■ **Input data**:
________________

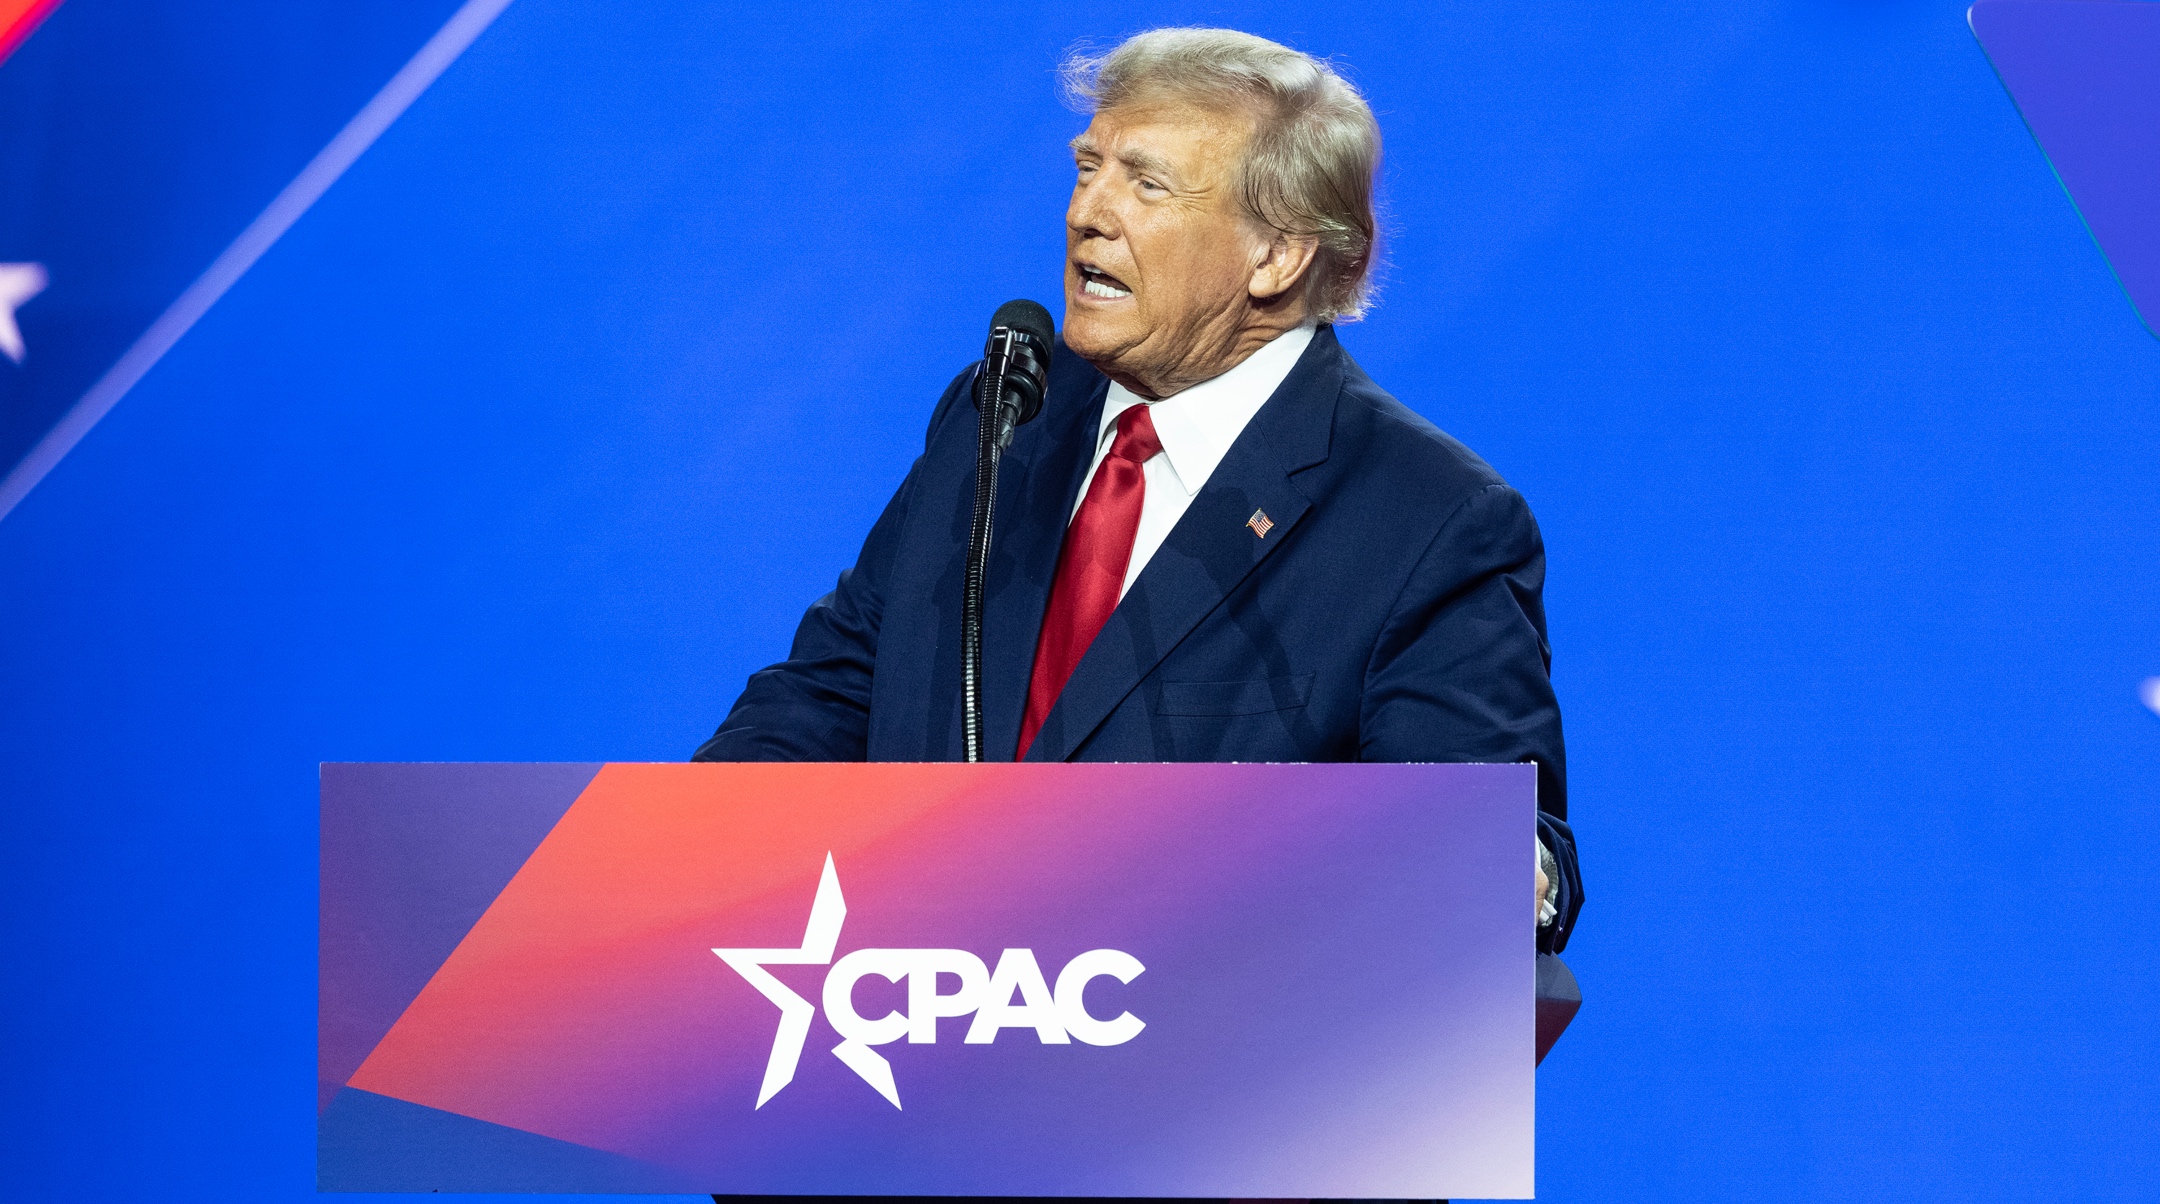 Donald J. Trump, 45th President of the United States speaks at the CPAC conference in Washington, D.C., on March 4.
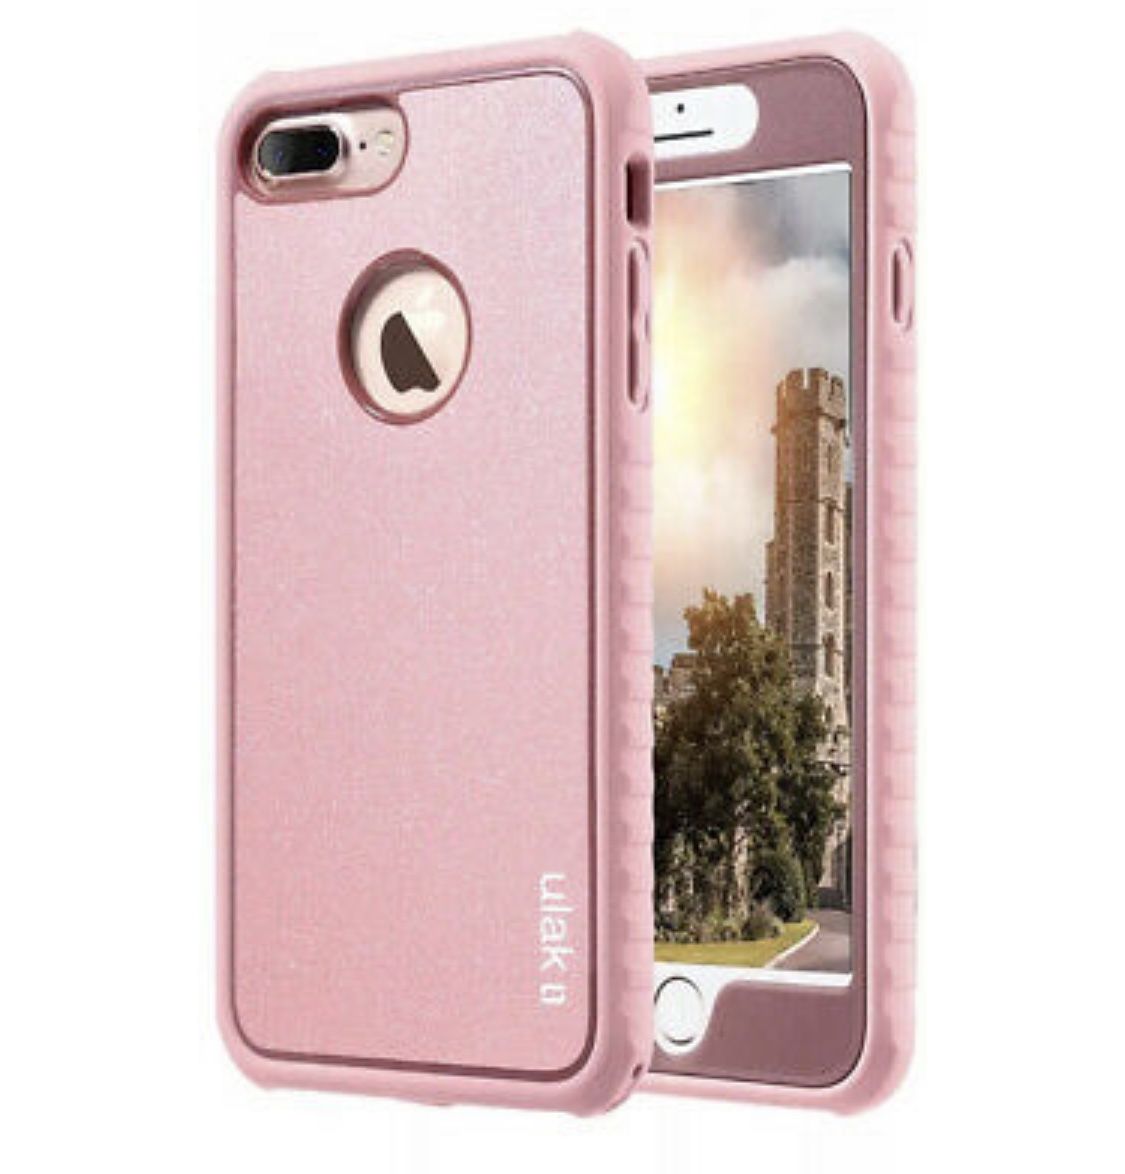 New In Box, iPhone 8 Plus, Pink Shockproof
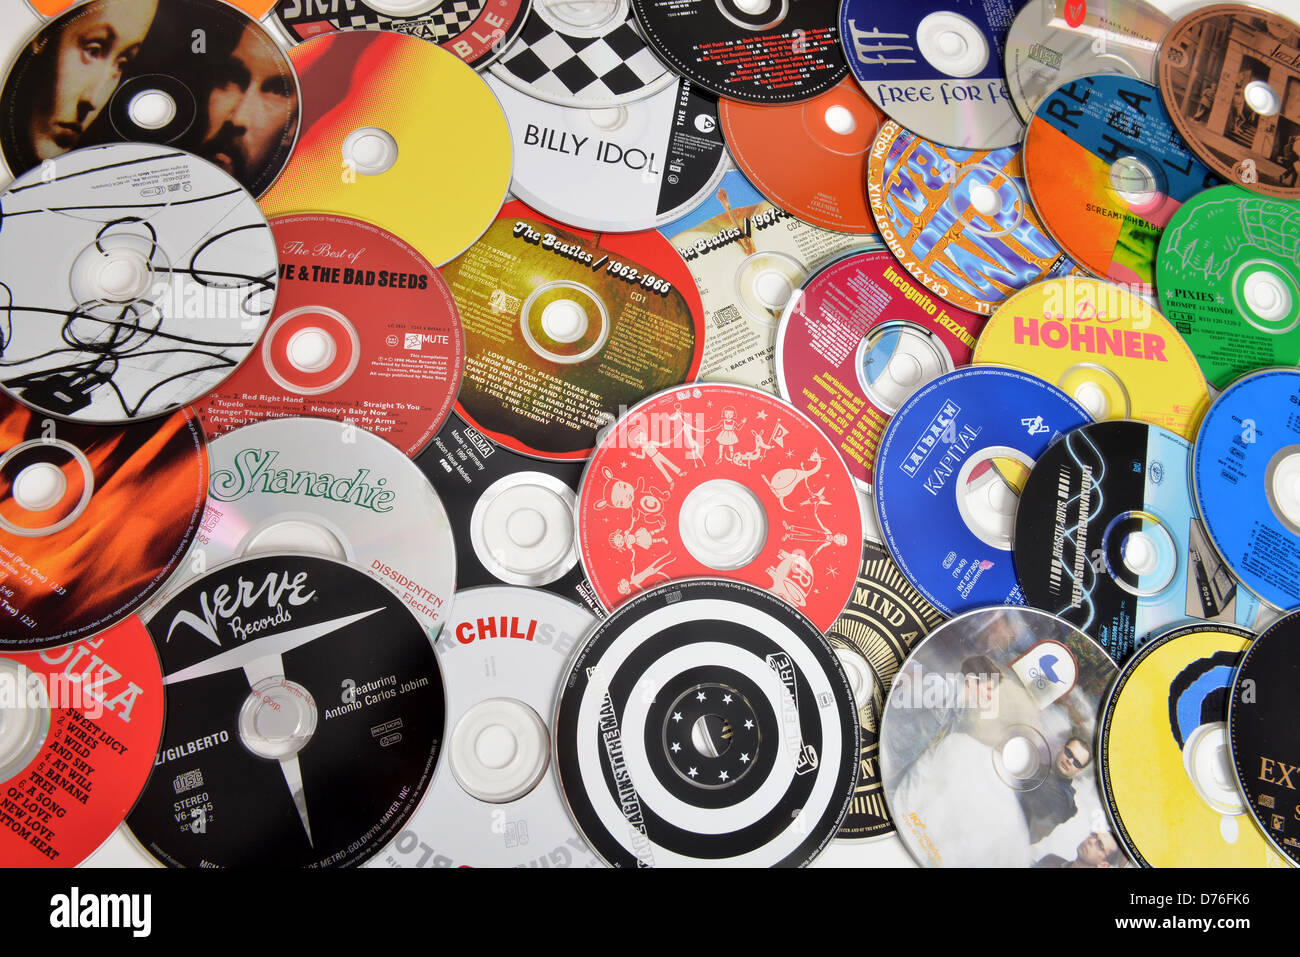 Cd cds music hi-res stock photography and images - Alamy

________________

■ **Your assignment**: Your answer must be an exact copy of the lines from the one with "New In Box, iPhone 8 Plus, Pink Shockproof" through the final line of the data, both included, without any pictures.

■ **Answer space**:
 New In Box, iPhone 8 Plus, Pink Shockproof
 Cd cds music hi-res stock photography and images - Alamy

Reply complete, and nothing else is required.